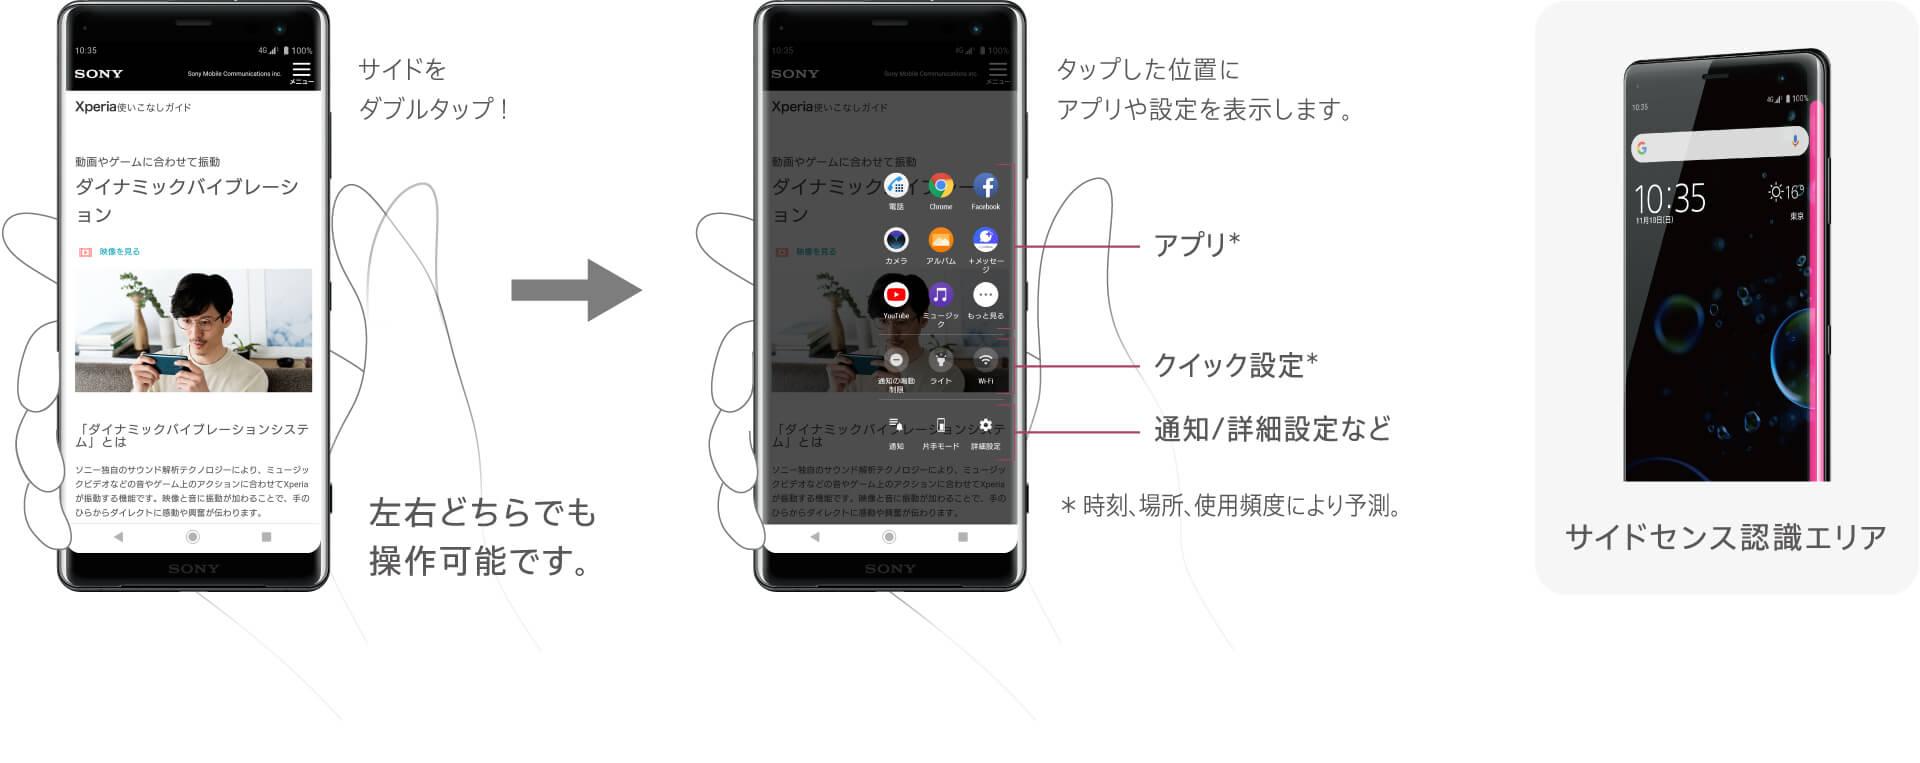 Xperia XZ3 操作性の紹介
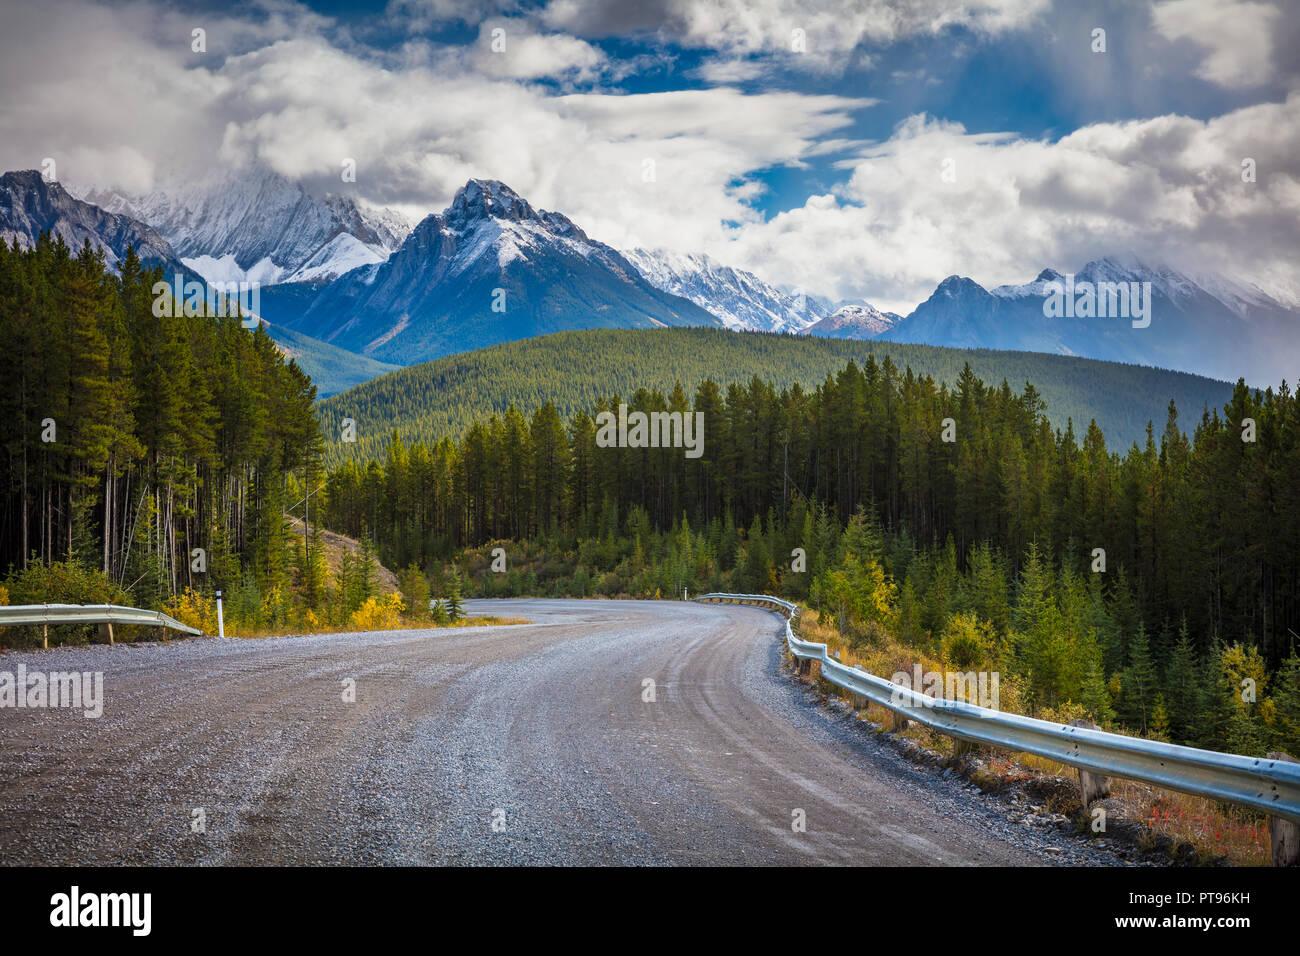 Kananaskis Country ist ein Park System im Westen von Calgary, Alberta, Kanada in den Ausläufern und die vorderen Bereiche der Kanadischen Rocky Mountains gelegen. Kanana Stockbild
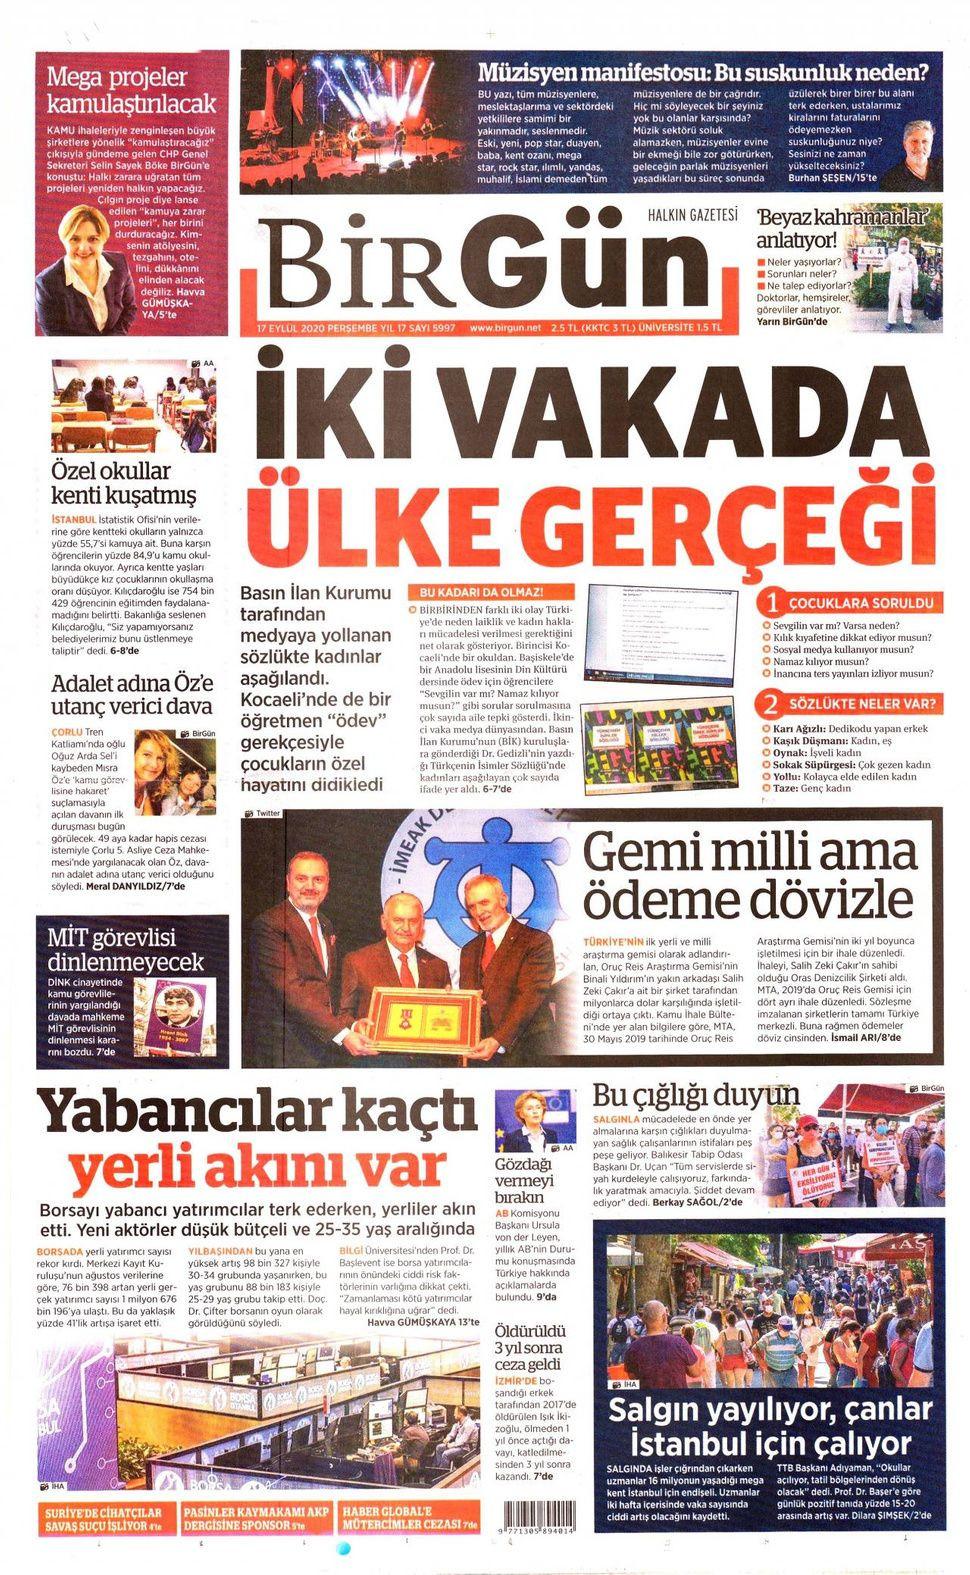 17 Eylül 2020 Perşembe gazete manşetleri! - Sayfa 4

****

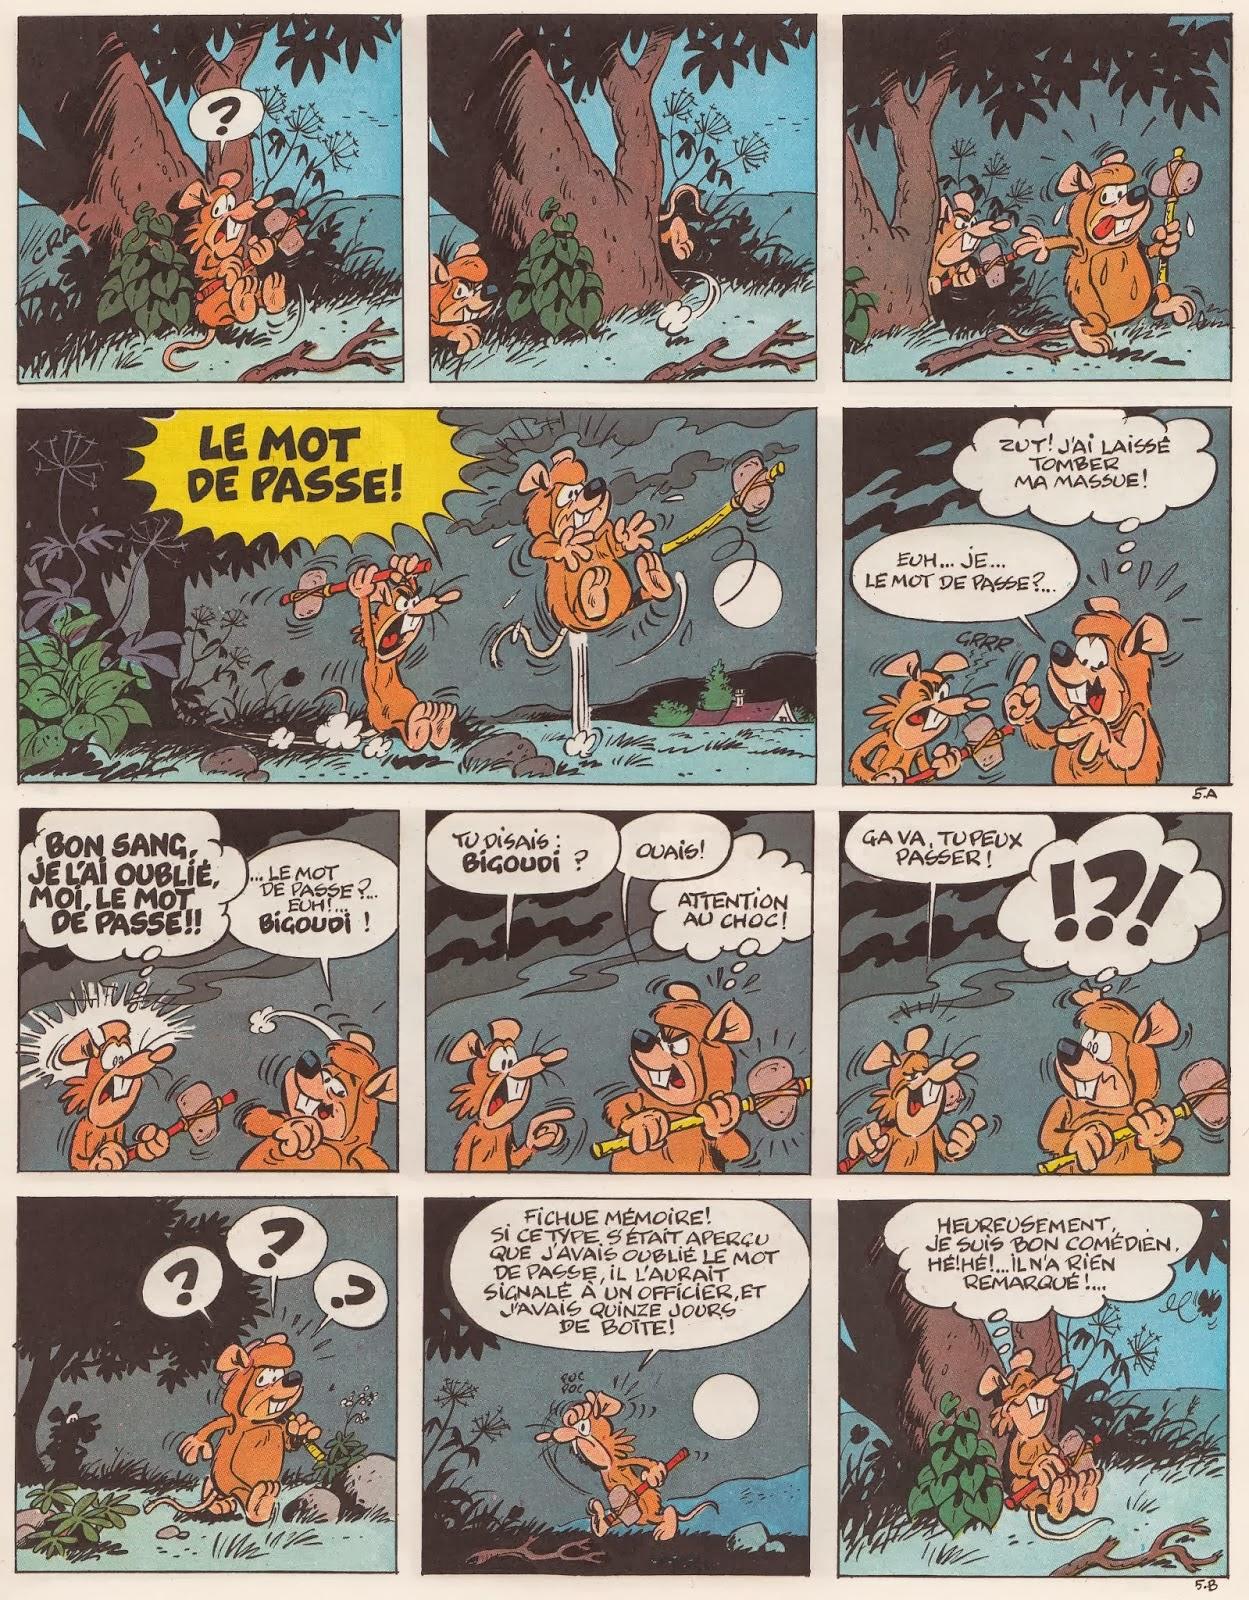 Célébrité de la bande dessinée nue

****

From the data above, return exactly the lines from the one with "Xperia XZ3 操作性の紹介" up to and including the one with "17 Eylül 2020". Pictures do not go in the copy.

* Exercise response
 Xperia XZ3 操作性の紹介
 Kananaskis Country ist ein Park System im Westen von Calgary, Alberta, Kanada in den Ausläufern und die vorderen Bereiche der Kanadischen Rocky Mountains gelegen. Kanana Stockbild
 17 Eylül 2020 Perşembe gazete manşetleri! - Sayfa 4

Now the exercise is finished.